What was happening was that the fluids seemed to lubricate the rock layers that already were under tension. In that sense, the Army didn’t create the earthquakes, it just hurried them along by making it easier for the rocks to slip. Instead of one big quake at some point decades in the future, Colorado experienced a series of smaller quakes.

Could this principle be applied to other more famous fault lines? In theory, deep wells could insert fluids into one segment of a fault line, while other wells at the segment’s ends would suck out fluids thus releasing the tension harmlessly. The process could continue segment by segment as the fault line was tamed, forestalling a massive earthquake sometime in the future.

The flaws in the plan
This theory "comes up every few years [but] ... is unfortunately fatally flawed in several ways," according to William Ellsworth, chief scientist of the U.S. Geological Survey's earthquake hazard team.
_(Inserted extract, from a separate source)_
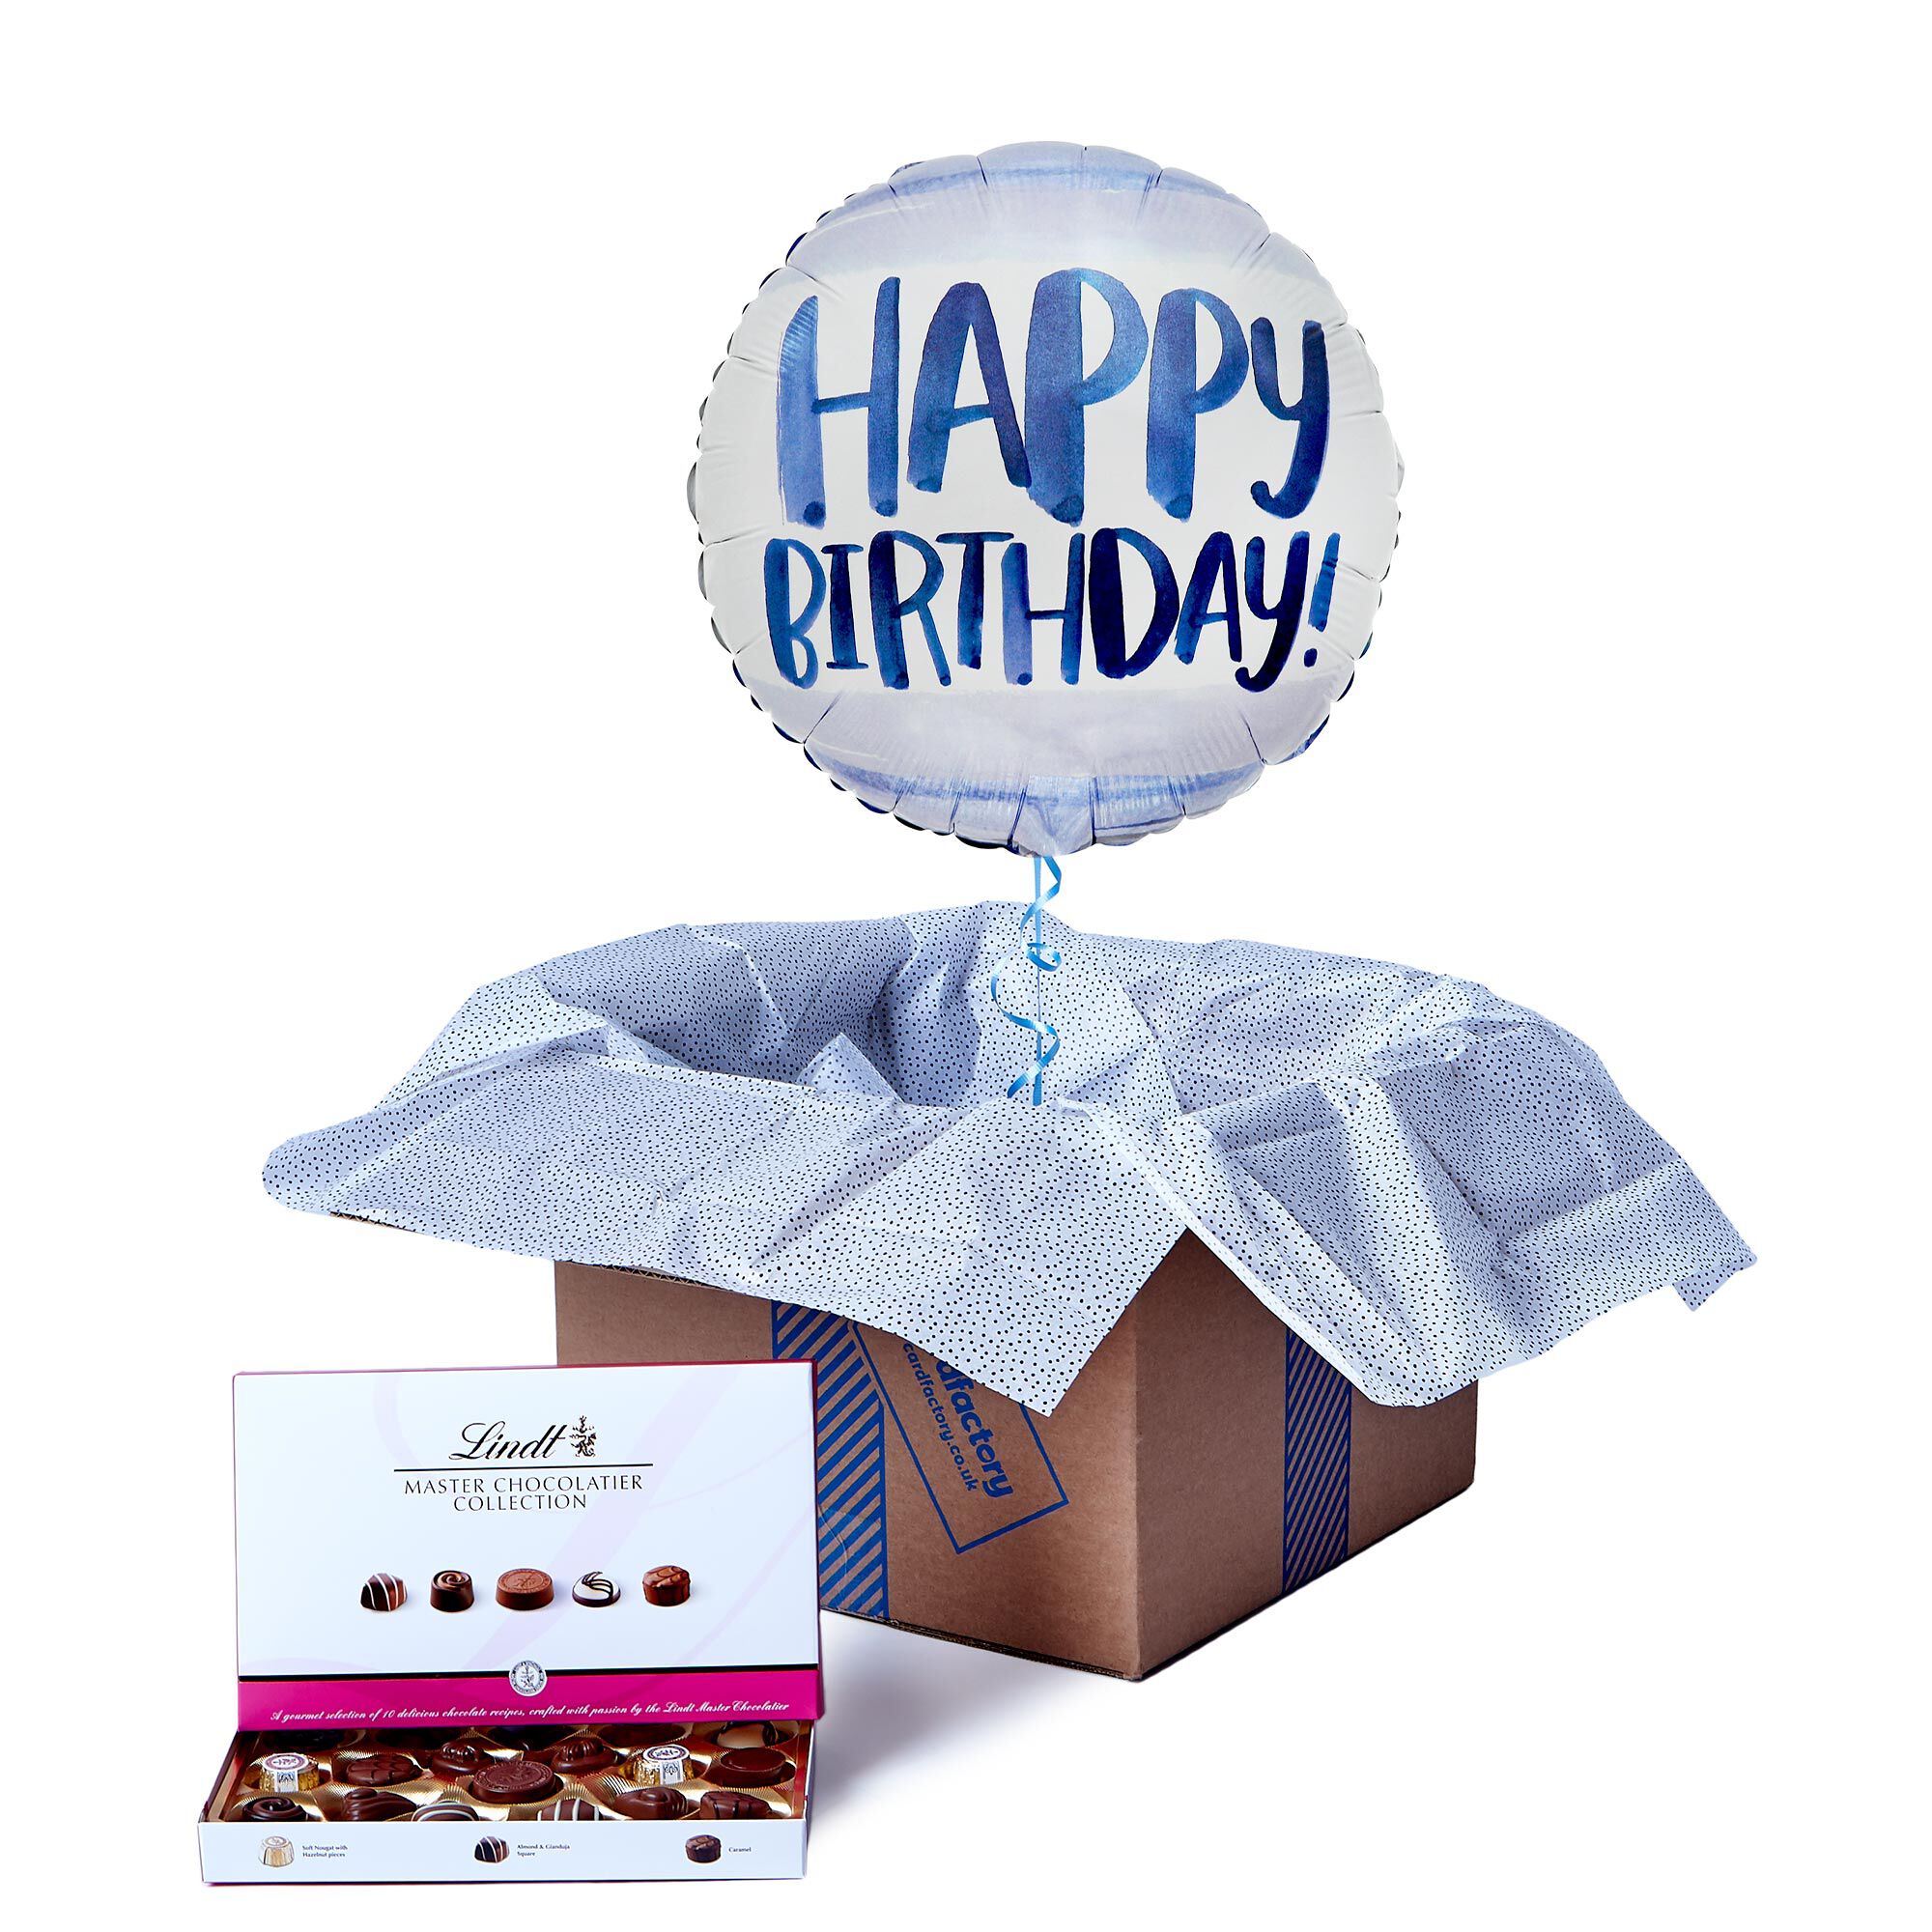 Balloon Bouquets, Birthday Balloon Delivery UK, Helium Balloons in a Box |  Card Factory

"First," he said in an e-mail, "it takes 1,000 earthquakes of [magnitude] 6 to release the tectonic forces that go into a [magnitude] 8.” But since those smaller quakes are still serious, it would be better to restrict the force of induced quakes to a magnitude 4 -- which would mean inducing a million smaller earthquakes in order to avoid suffering one giant one.

“Multiply that number by any reasonable estimate of what it would cost to induce one of them, and you are looking at costs far in excess of the expected losses” of the big quake, Ellsworth said.

Furthermore, Ellsworth explained, “there is no guarantee that you could prevent a ‘4’ from growing into a ‘6’-- or even an ‘8’, particularly at the start of the process.  So, your good intentions would have a fair chance of inducing the event you hope to avoid.”

Thomas J. Ahrens, a geophysics professor at the California Institute of Technology, agreed with Ellsworth’s warning. Like "Jurassic Park's dinosaurs," he said, such earthquakes "may easily get out of control.”

The idea of deliberate human intervention to prevent big earthquakes is a favorite one of geology enthusiasts on various Internet forums. The webmaster of one of them, http://www.earthwaves.org, noted another problem with such an endeavor: "'Triggering' implies knowledge of the stressed faults, and I'm told we keep discovering new bad ones only when they go off.” The hazard, which other posters agreed on, was that “trying to manipulate a known one seems like it has a serious chance of triggering an unknown one.”

Another big problem to overcome is legal, not scientific. In a 1994 article for the Journal of Environmental Law and Litigation, authors Darlene A. Cypser and Scott D. Davis note that damage from human-induced earthquakes "cannot be excused as an act of God." Thus, liability claims could be pursued based on a number of legal precedents, including tresspass and nuisance law.

Perhaps a hundred years from now, geophysics will have mapped the faults in Earth’s crust and geological engineers will have installed lubrication wells to modulate the tectonic-induced slippage so as to reduce sudden, large shocks. Until then, hurdles both scientific, technological and litigious all stand in the way.

NBC News space analyst Jim Oberg is working on a book about deliberate climatic and environmental manipulation.